Jeffrey C. Rimland College of Information Sciences & Technology

Pennsylvania State University University Park, PA. USA

[email protected]

James Llinas Center for Multisource Information Fusion

University at Buffalo Buffalo, NY. USA [email protected]

Abstract— The changing landscape of defense and security applications, as well as existing needs in other domains, has given rise to the need to design and develop information fusion systems that entail the combination of hard (physical sensor) data and observations from humans (soft data) in a distributed networked environment ([1], [2]). Such fusion processes stress both traditional fusion-based algorithmic design strategies as well as imputing requirements onto the design of appropriate decentralized architectures. In designing a framework for such an environment, the system architecture must be considered both at the level of information infrastructure and at the network/software level of implementation. From the information infrastructure perspective, primary concerns include which observations will be fed into the system, the intended goals (e.g. data mining, hypothesis generation/testing), how humans interact with the system (e.g. information gathering, analysis, process evaluation/refinement), and which levels of state estimation and fusion are appropriate at a given stage of the process [3]. Bisantz et al [4] discuss aspects of how humans interact with such new distributed networked information fusion systems and identify “touch points” where innovations can support improved system performance.

An effective network/software architecture is tightly intertwined with the information infrastructure. The former must meet the functional requirements of the latter without adding unnecessary complexity, prohibiting scalability or extensibility, putting undue performance limitations on the system, or compromising system security. Additionally, the system must have the agility and flexibility to successfully and rapidly complete complex tasks that were not possible to anticipate at design-time.

This paper presents an information infrastructure for hard and soft fusion that balances the features offered by the current state of the art in computing paradigms (e.g. SOA, ESB) and data representation (e.g. RDF, OWL, TML, EML) with the requirements of our overarching concept of employment for hard and soft fusion capability. The paper provides guidance on determining the optimal software and network architecture design for enabling human-centric and distributed operations in time-critical, vastly heterogeneous, and highly unpredictable conditions. The designs described have been implemented using both synthetic data from our SYNCOIN data set ([5], [6]) and actual sensor/observational data collected at a Penn State test site.

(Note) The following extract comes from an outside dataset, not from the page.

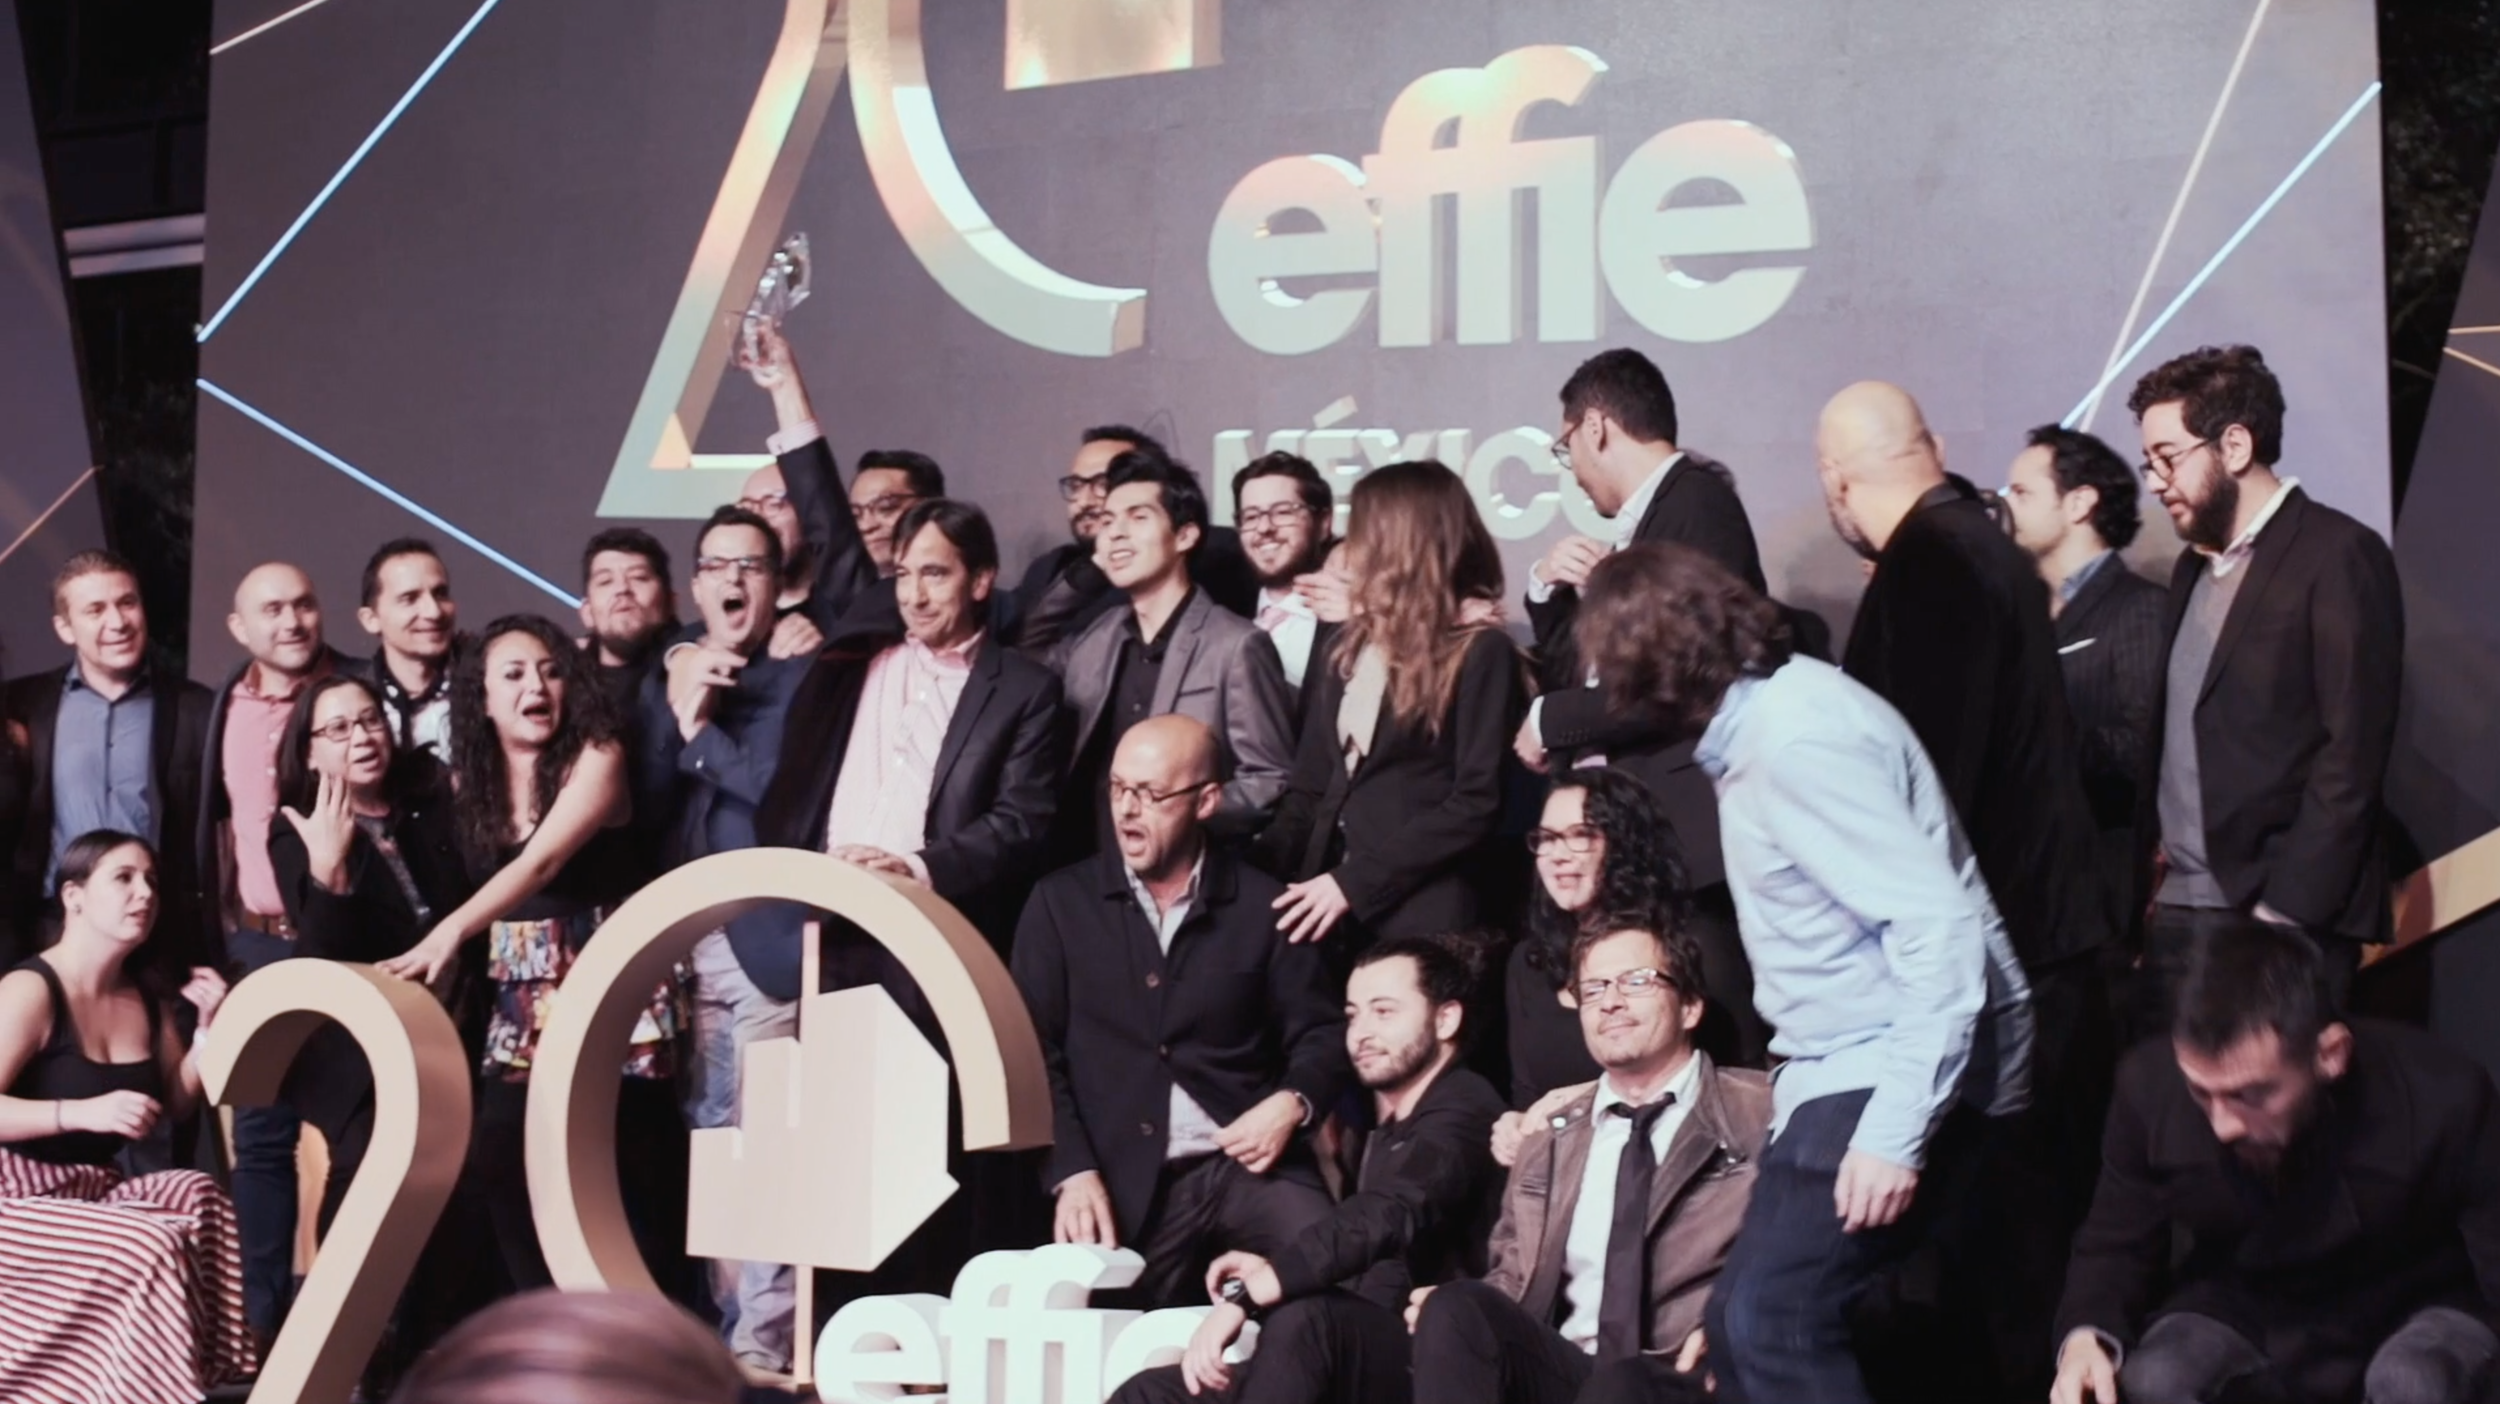 Premios Effie

Keywords: hard soft information fusion, SOA, infrastructure, service-oriented, participatory sensing

I. INTRODUCTION Although the service-oriented approach to system design

has been in use for over a decade, the role of this paradigm continues to evolve with the complex systems required to handle emerging technology needs. One such need is the requirement for fusing physical sensor data with human observations in a distributed environment. Fusing data from physical sensors in order to obtain improved state and feature estimates is a mature field with many well-established techniques, time-proven methods for test and evaluation (T&E), and extensive real-world utilization [7]. However, evolving data fusion needs for defense, security, and other domains require the integration of human observations and reports (or “soft” data) with the “hard” data generated by physical sensors. Although the inclusion of soft data provides certain types of information that are impossible or infeasible to obtain from physical sensors, this new paradigm also presents a new series of challenges. These challenges include representation of “fuzzy” terms [8], characterization and representation of uncertainty in human reports, tasking and knowledge elicitation of humans, and fusing hard sensor data with soft human-based information [9]. Additionally, the environments in which these systems must operate are typically geographically dispersed and often include areas of low-bandwidth or intermittent network access.

The service-oriented paradigm has tremendous benefits for such applications. The modular and loosely-coupled nature of SOA enables scalability, survivability, rapid system upgrades and updates, increased uptime, and improved quality of service. Perhaps most importantly, SOA supports the utilization of orchestration services to dynamically create composite services for the completion of tasks that may not have even been anticipated when the system was created. This is of tremendous benefit to complex dynamic systems, and will be the subject of a later section in this paper. First, it is necessary to clarify what is meant by SOA and define the current taxonomy of related technologies and tools.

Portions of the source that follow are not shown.